Comment 2: In Figure 4B2, it seems that there is no difference in agar yield between acid and bleaching treatment, but these carry a different significant value (c and b). Figure 4D1 and D2 are wrongly indicated in the figure. However, authors did not mention in the figure legend what different letters in the bar graph mean.

Answer: Thank you for your comment. We reviewed the article carefully again and corrected the problems mentioned above.

As shown below,

Figure 5. Effect of pretreatment techniques and green extraction technologies on the physicochemical properties of agar. (A₁, A₂) alkali extraction process; (B₁, B₂) enzyme extraction process; (C₁, C₂) enzyme assisted alkali extraction process; (D₁, D₂) Comparison of three extraction technologies; Nature: a sample extracted without pretreatment; Note: Different lowercase superscripts within the same column indicate the significant differences (P < 0.05).

Comment 3: Table 1 is hard to read.

Answer: Table 1 mainly compares the physicochemical properties of agar extracted from seaweed by various processes. The process flow chart is adjusted to Figure 1 for better understanding.

Figure 1. Experimental scheme for agar extraction. Note: numeric character represents agar obtained from algae treated by various processes.

Comment 4: Line 64: Gracilariaedulis (Gracilaria edulis)

Answer: Thank you for your comment. Gracilariaedulis has changed into Gracilaria edulis.

Comment 5: Line 195-196: In general, the gel formed……………. This sentence should be rewritten.

Answer: Thank you for your suggestion. The sentence “In general, the gel formed after filtering is contained only 1% agar, the remaining 99% of the water has to be removed from the gel, either through a freeze-thaw process or by squeezing it out under pressure.” has been changed to “In general, the filtered agar solution contains about 1% agar, and the remaining 99% of the water must be removed from the gel by a freeze-thaw process or by dewatering extrusion process.”

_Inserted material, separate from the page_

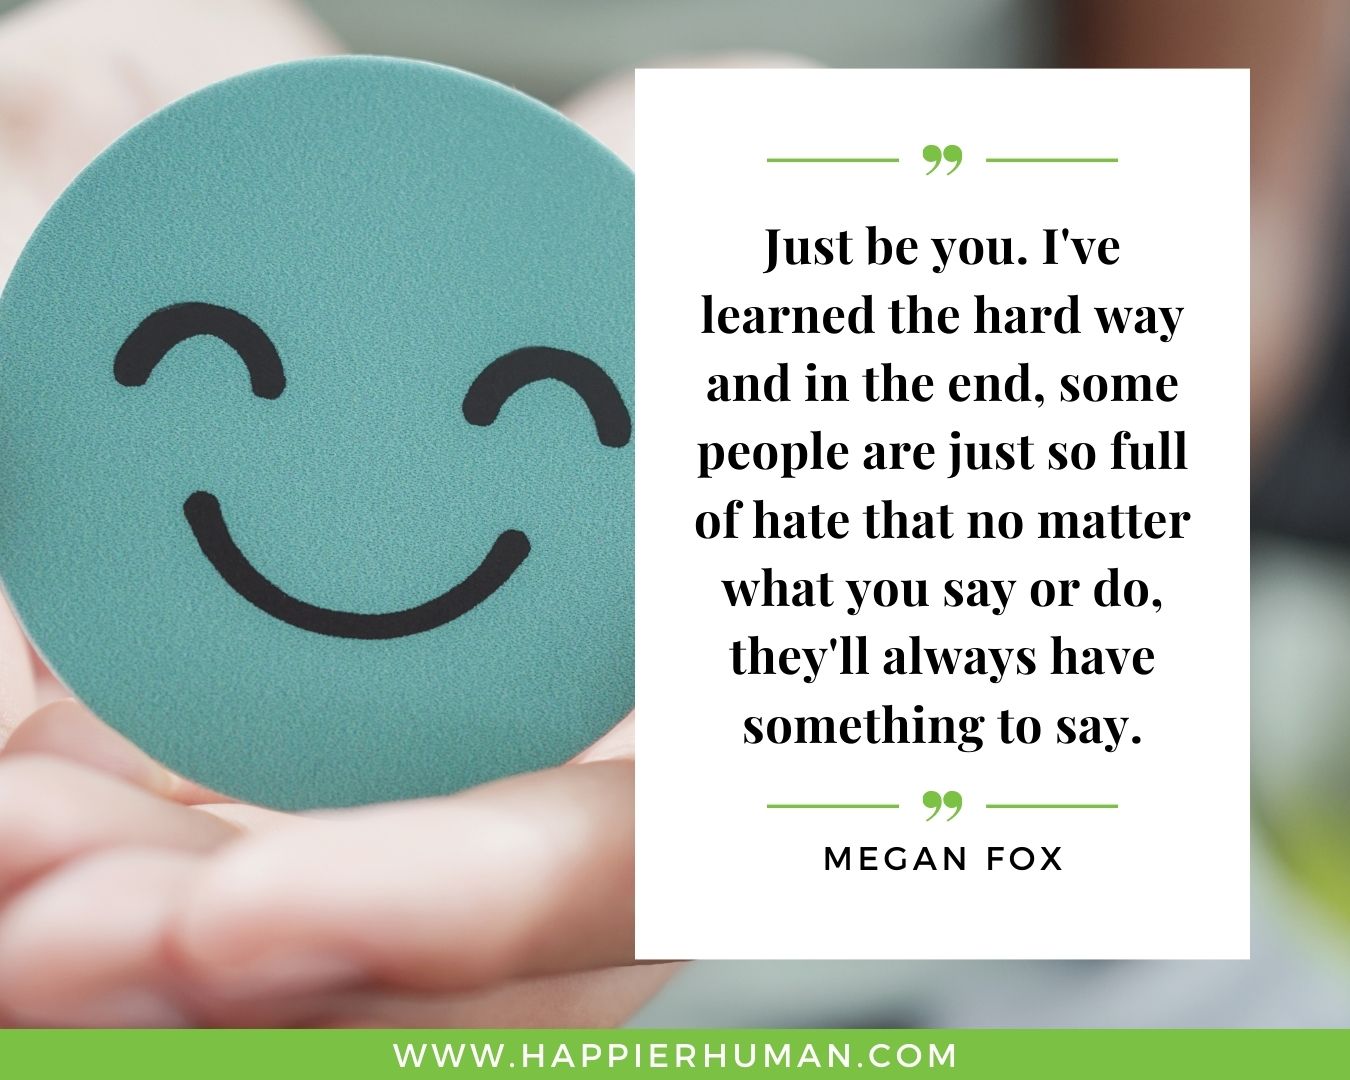 Haters Quotes - “Just be you. I've learned the hard way and in the end, some people are just so full of hate that no matter what you say or do, they'll always have something to say.” - Megan Fox

Comment 6: Line203-204, Line 231, Line 252 and elsewhere: G. lemaneiformis (should be etalic)

Answer: Thank you for your comment. G. lemaneiformis has changed into G. lemaneiformis.

Comment 7: Line 281: agars (agar)

Answer: Thank you for your comment. This error has been corrected in the manuscript. As shown below,

“As shown in Fig. 4, an inverse correlation between the sulfate and 3,6-AG contents of agar was observed.”

Comment 8: Line 434: Figure 5(D) (Fig. 5D)

Answer: Thank you for your comment. This error has been corrected in the manuscript. As shown below,

“As shown in Fig. 5D, the band intensity was increased near 930 cm-1 by alkaline pretreatment, especially by 7% NaOH pretreatment.”

Comment 9: Line 439: Fig. D1 (Fig. 4D)

Answer: Thank you for your comment. This error has been corrected in the manuscript. As shown below,

“The results were consistent with the content of 3, 6-AG determined by 7% NaOH (alkali extraction) and 3% NaOH (enzyme assisted alkali extraction) pretreatment with agar colorimetry (Fig. 4D₁).”

Comment 10: Line 531: Chronologically Figure 1 should be Figure 6.

Answer: Thank you for your comment. This error has been corrected in the manuscript.

Author Response File: Author Response.pdf

Round 2

Reviewer 1 Report

Can you reduce the font size of table 1 so that the numbers fall in a single line? Or perhaps you can split the table in to two or more. In its current format, the table looks very cluttered.